Author ORCID Identifier

https://orcid.org/0000-0002-8210-6057

Date Available

12-15-2022

Year of Publication

2020

Degree Name

Doctor of Philosophy (PhD)

Document Type

Doctoral Dissertation

College

Nursing

Department/School/Program

Nursing

First Advisor

Dr. Terry A. Lennie

Abstract

Medication adherence is an ongoing challenge for patients with heart failure (HF) that can adversely affect mortality, morbidity, and quality of life. Living with a spouse has been associated with better adherence while living alone has been associated with poor adherence. Other factors demonstrated to affect adherence include medication complexity, perceived barriers to adherence, and depressive symptoms. Interestingly, the effect of these latter factors on adherence has not been examined in the context of the patient’s living arrangement. The purpose of this dissertation was to investigate the relationships among medication complexity, perceived barriers, and depressive symptoms with medication adherence across living arrangements of patients with HF using secondary analyses of data from an HF data registry.
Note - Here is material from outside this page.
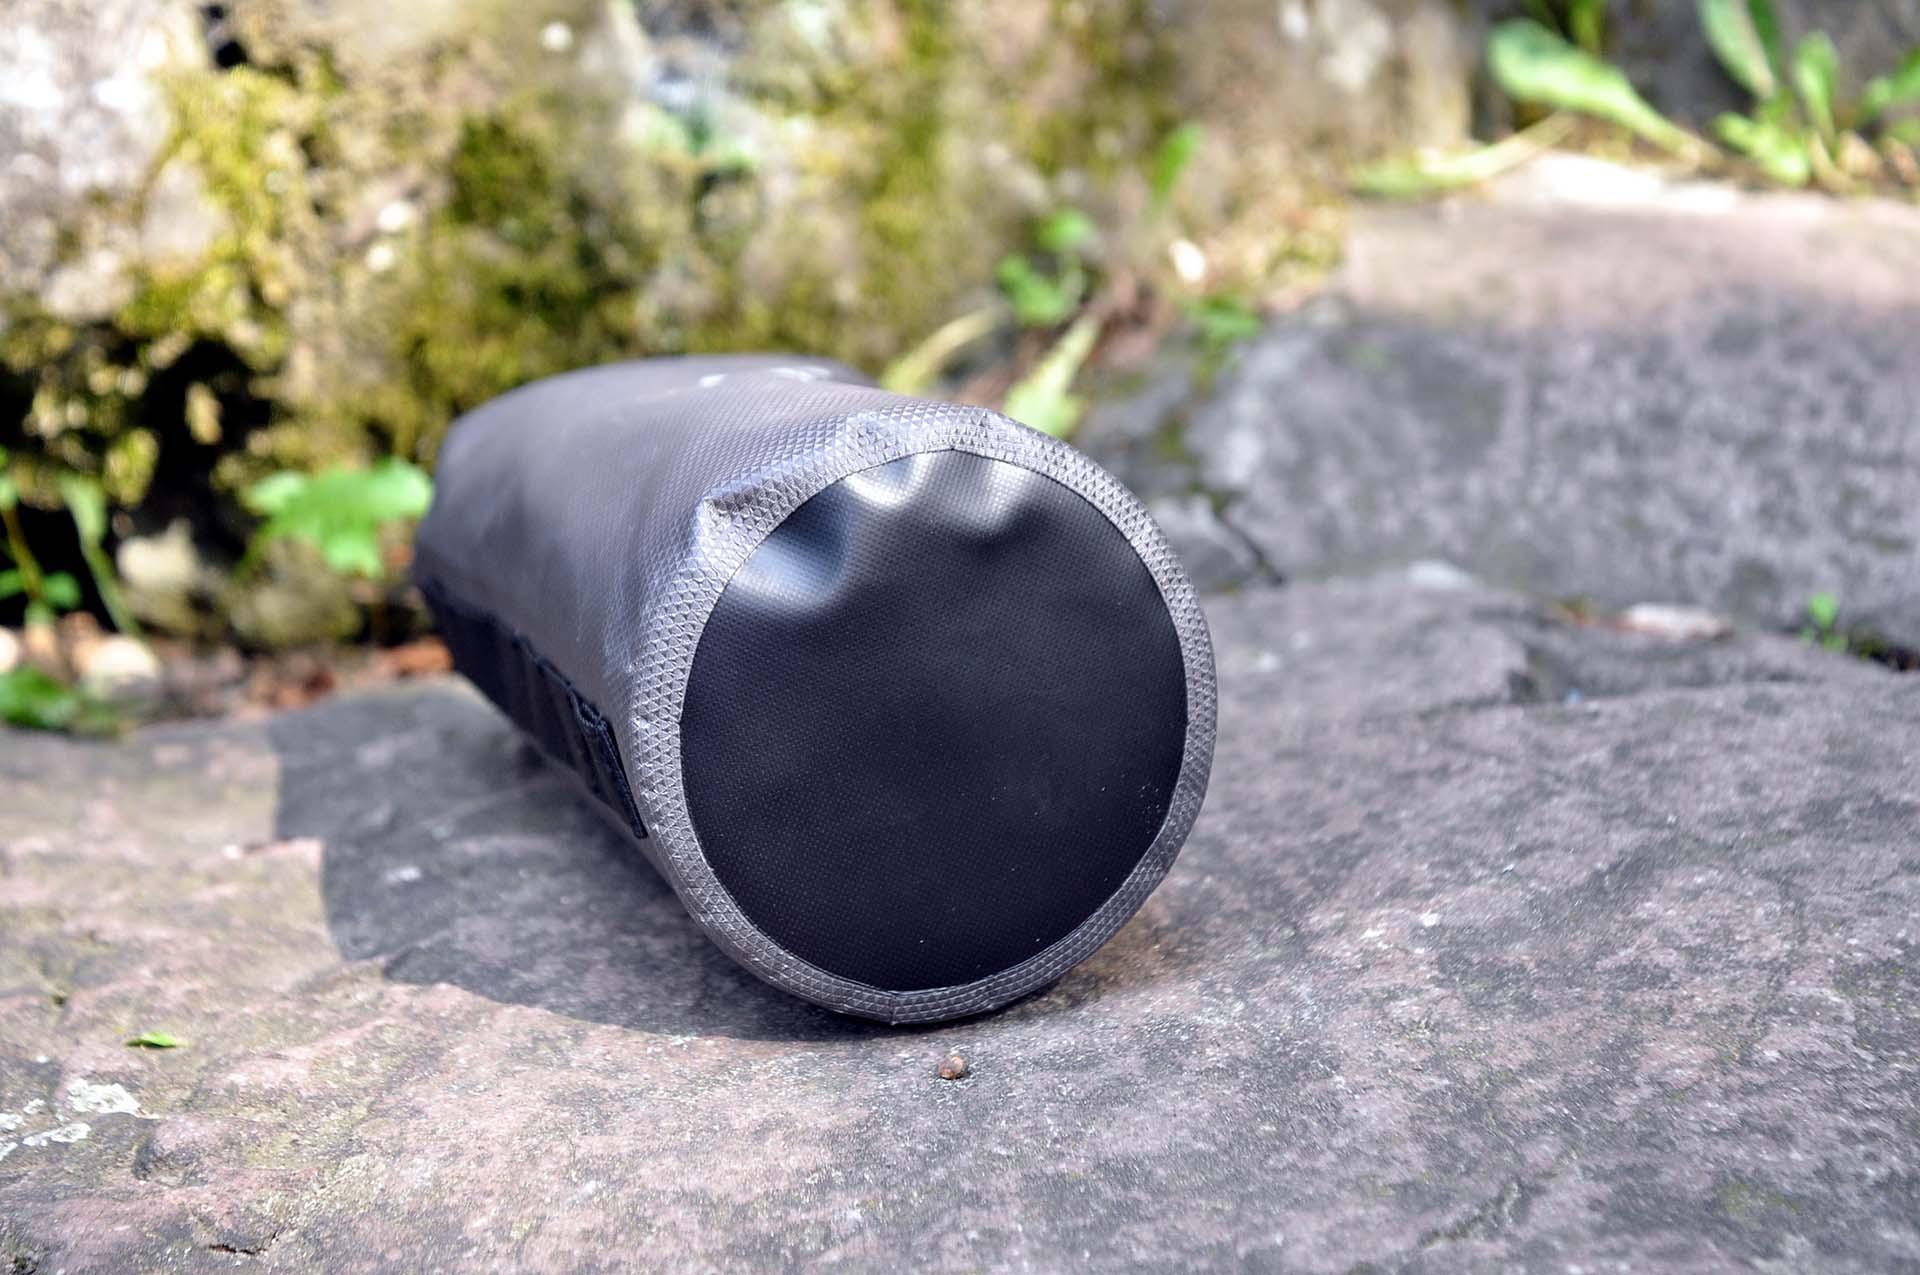 Itthon is elérhetők a Geosmina táskák-2
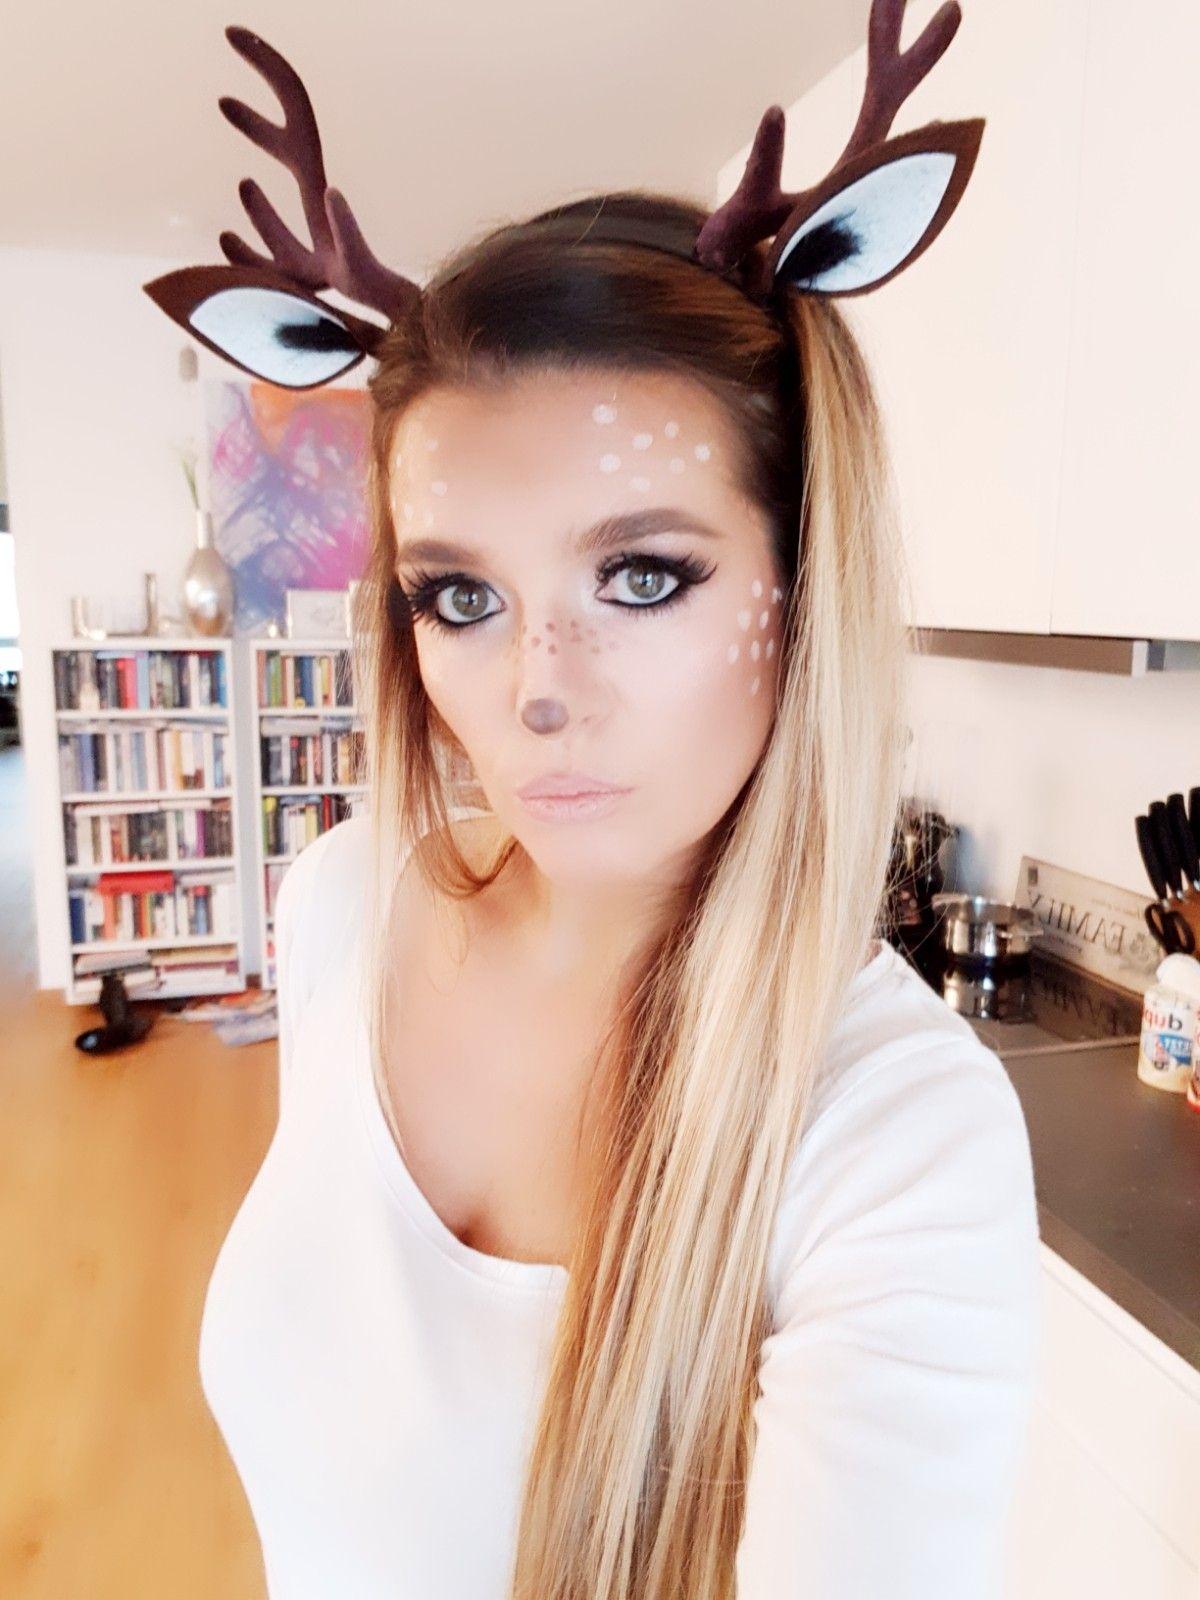 mein reh make up 2018 reh schminken karneval deer make. Black Bedroom Furniture Sets. Home Design Ideas

The first study was a secondary data analysis of 130 patients with HF and examined the association between medication complexity and medication adherence across living arrangements. Exploratory nonlinear regression with gamma log link was used to determine if there was an association between medication complexity and medication adherence, ANOVA, and Chi-square to test differences across living arrangements. There was no association between medication complexity and medication adherence; however, patients with HF that lived with spouses had better medication adherence than patients that lived with non-spousal family and friends. There was a higher number than expected participants in the group that lives with non-spousal family or friends in the financial category that doesn’t have enough to make ends meet.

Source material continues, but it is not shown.